Rowers Charles Courtney and Ned Scanlan dug their oars into the water when the starter's "Go" rang out. As they neared the halfway mark, four miles out, Scanlon was in the lead but Courtney had almost caught up with him. Scanlan was gaining a reputation among aficionados of the sport as an intentional late bloomer, goofing off in the early stages of a race, sometimes even clowning around for the crowd's amusement, then turning on his prodigious strength and skill and winning races with seemingly little effort. But this time he plays it straight. Courtney begins crowding into Scanlan's lane, Scanlan warns him off. As Courtney straightens himself out, Scanlan gets down to business, shoots into the lead, and it's all over but the shouting. And a bit of grumbling about the sudden, last-minute change in the betting odds before the race.

The following summer Scanlan travels to England, where he first defeats their fair-haired boy John Hawdon, clowning around and stopping to bail out his boat in the middle of the race and still crossing the finish ahead of his opponent. Then Scanlan turns his sights on the reigning British champion William Elliott. Without even working up a sweat, the Canadian, his body working in perfect coordination and harmony with his boat and his oars, beats Elliott by 10 lengths, breaking the course record by 55 seconds. Canada has it's first international sports champion. And Rochester, New York, medicine man Asa Soule has an idea.
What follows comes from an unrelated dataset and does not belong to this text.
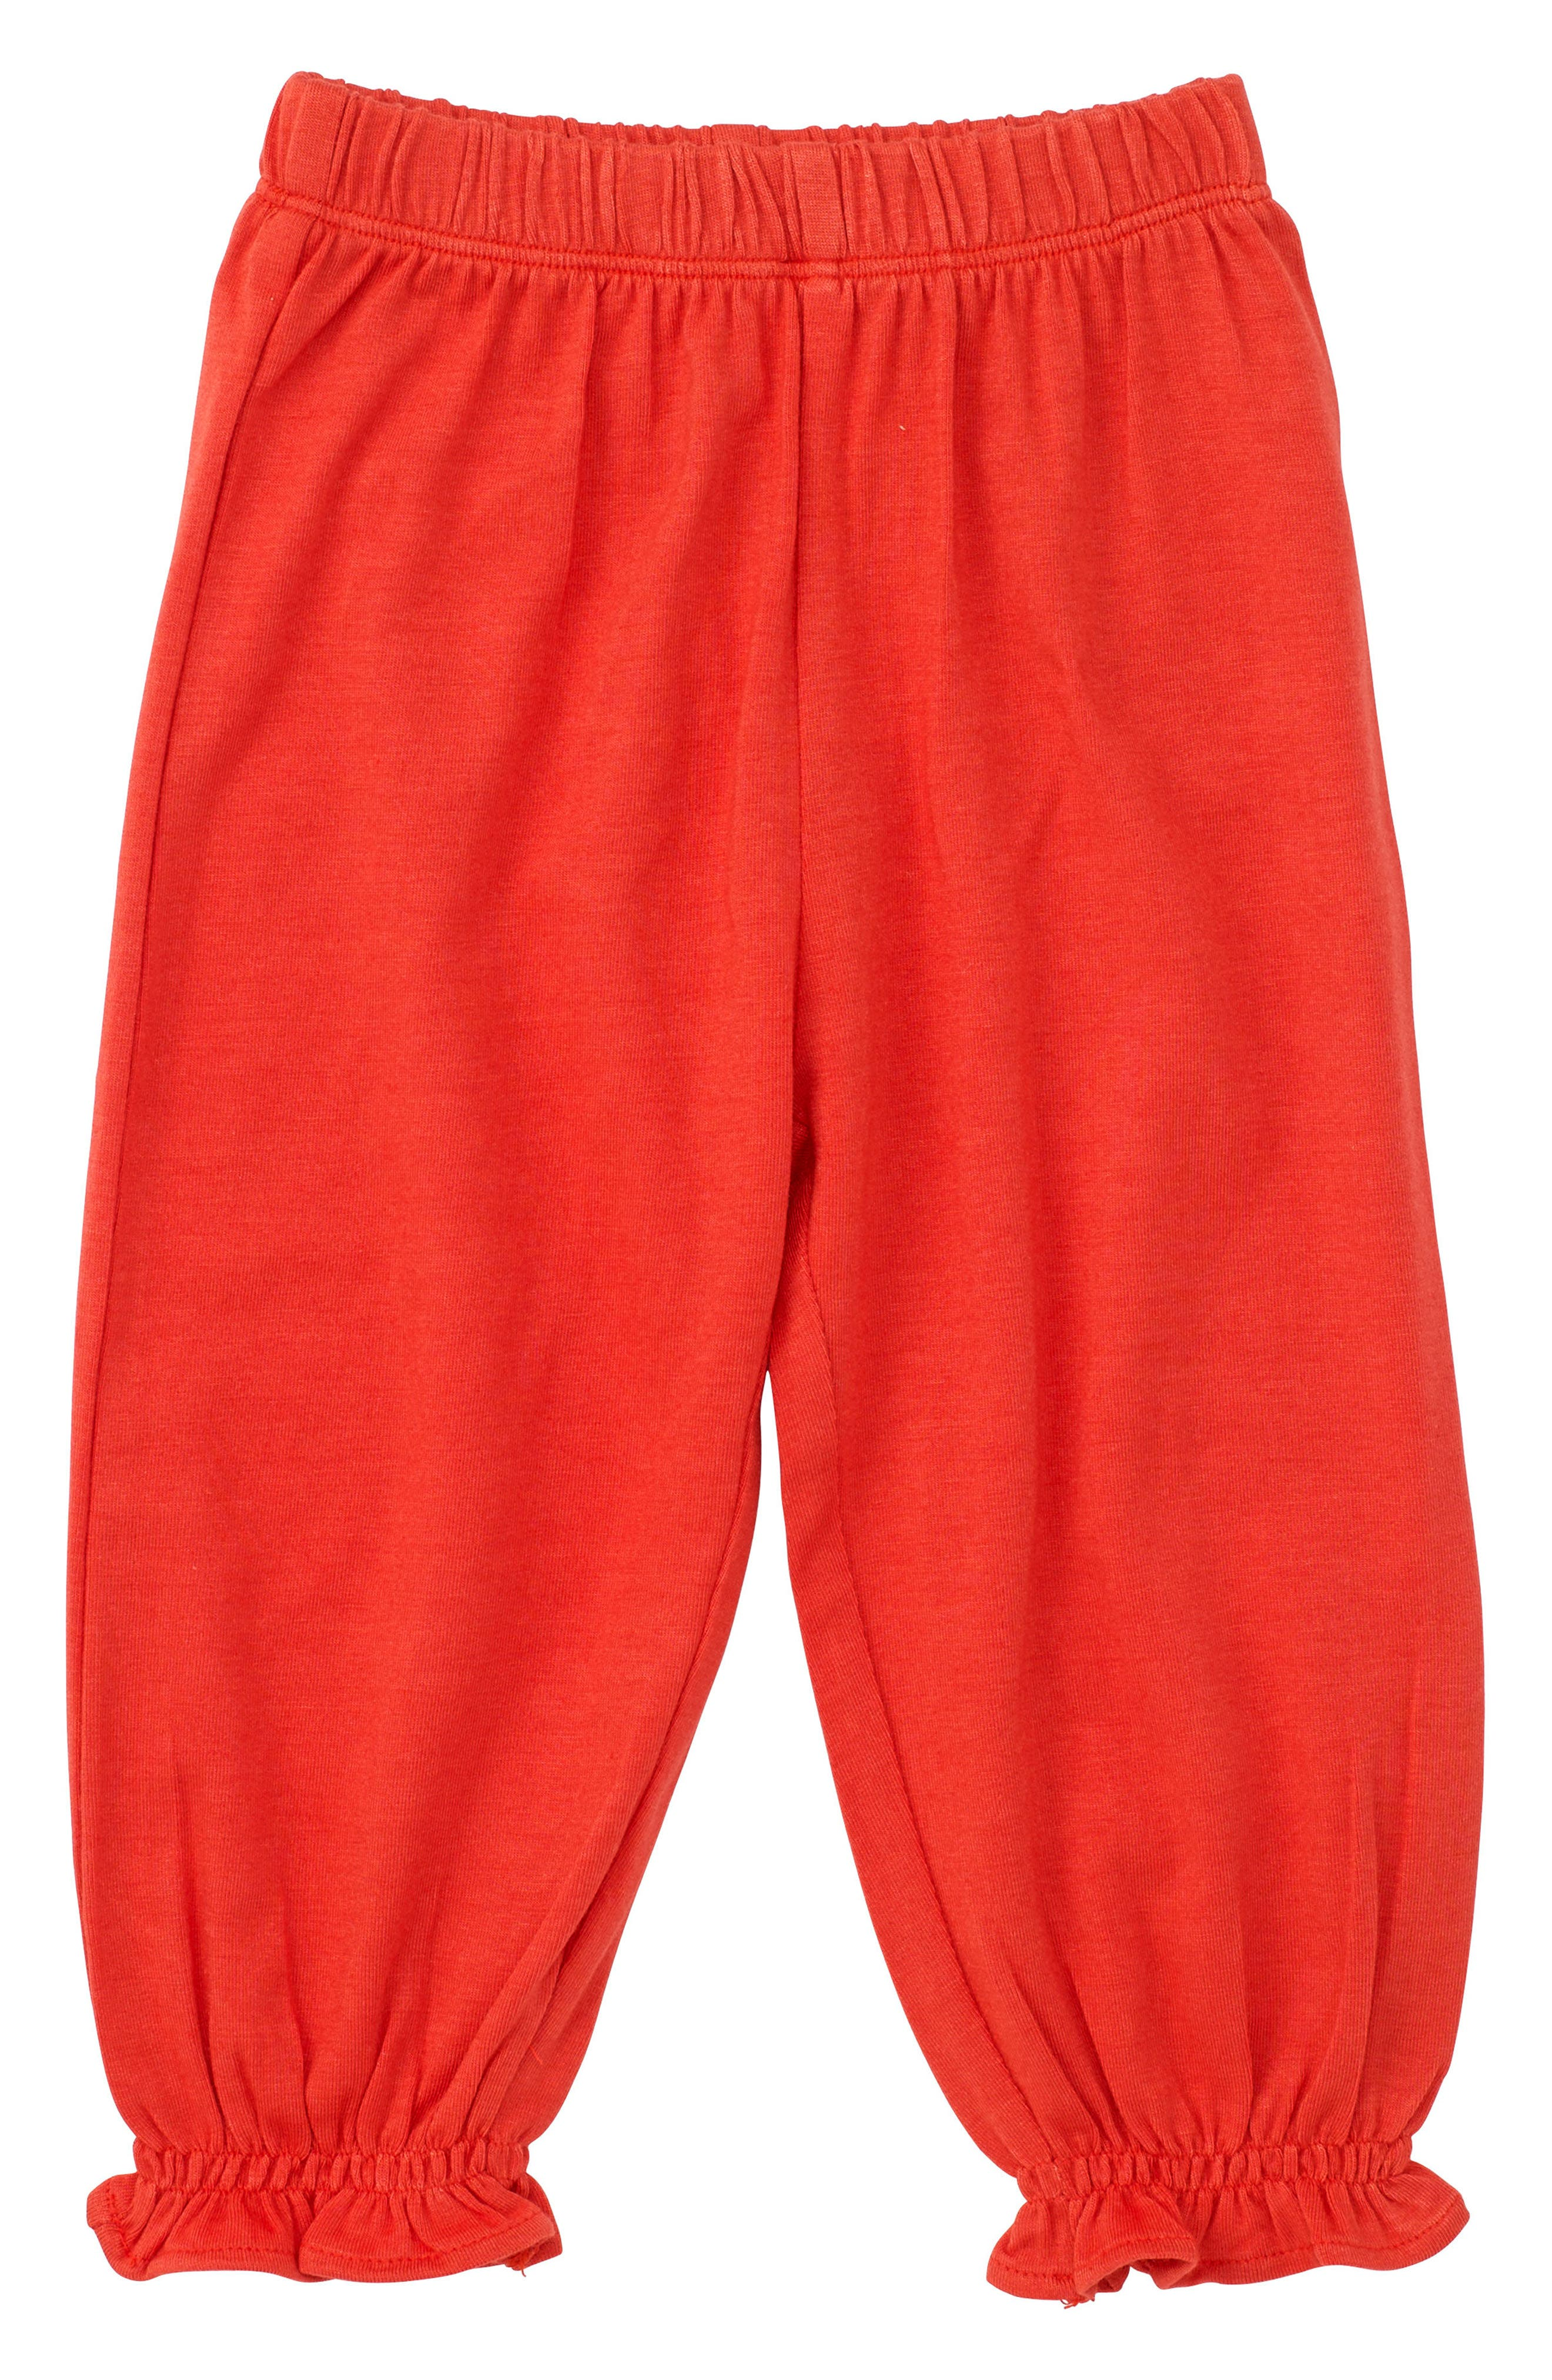 Raga Pants,                         Main,                         color, Coral

With his baseball team the Hop Bitters and it's successor the New Hop Bitters club struggling, a rematch between Scanlan and the home state boy Courtney could prove to be a real money machine and also reap lots of publicity for his alcohol-fortified medications. He swings into action. By early autumn word of a race has been gotten out. Soule figures he might as well bring those gambling dollars into the U. S. this time, so the agreed-upon site is on Chautauqua Lake, home for the past five years of the Chautauqua Institute, with its growing reputation for wholesome, educational and uplifting pursuits. Which does not mean that dollar signs won't dance in the heads of the villagers of Mayville, home to the coming event. A 2,000-foot-long grandstand, with capacity for 50,000 spectators is erected. A local railroad puts in a spur line and sets up a half-mile long observation train. The sale of steamboat tickets soars and abandoned barges are fixed up and sport new seats, at $5 a rear end. October 15, 1879, the night before the race finds Mayville stuffed to the gills with outsiders. Hotel prices have gone from one dollar to twelve; even so thousands find themselves sleeping under tables, on chairs and, in one case, in a rented piano crate. Soule is elated, especially since he is earning five cents on every dollar the fans are spending. And it surprises no one that the Hop Bitters king has named Courtney's boat, you guessed it, the Hop Bitters. Early next morning the bombshell hits. While the two men guarding the Hop Bitters overnight, have played a little hookey to see the sights, someone has sneaked in and sawn the boat in half. Courtney refused to row in a borrowed boat, but the ref declares the race will still be run, even if Scanlan rows alone. Which he does, breaking the standing record by 1 minute 14-and-a-quarter seconds. Apparently Scanlon's backers, without his knowledge, have fixed the race. His reputation still intact, he goes on to more victories and further fame. Courtney takes permanent shore leave. And Soule takes his percentage and runs, back to Rochester, to ponder on the thankless burden of being a sports promoter.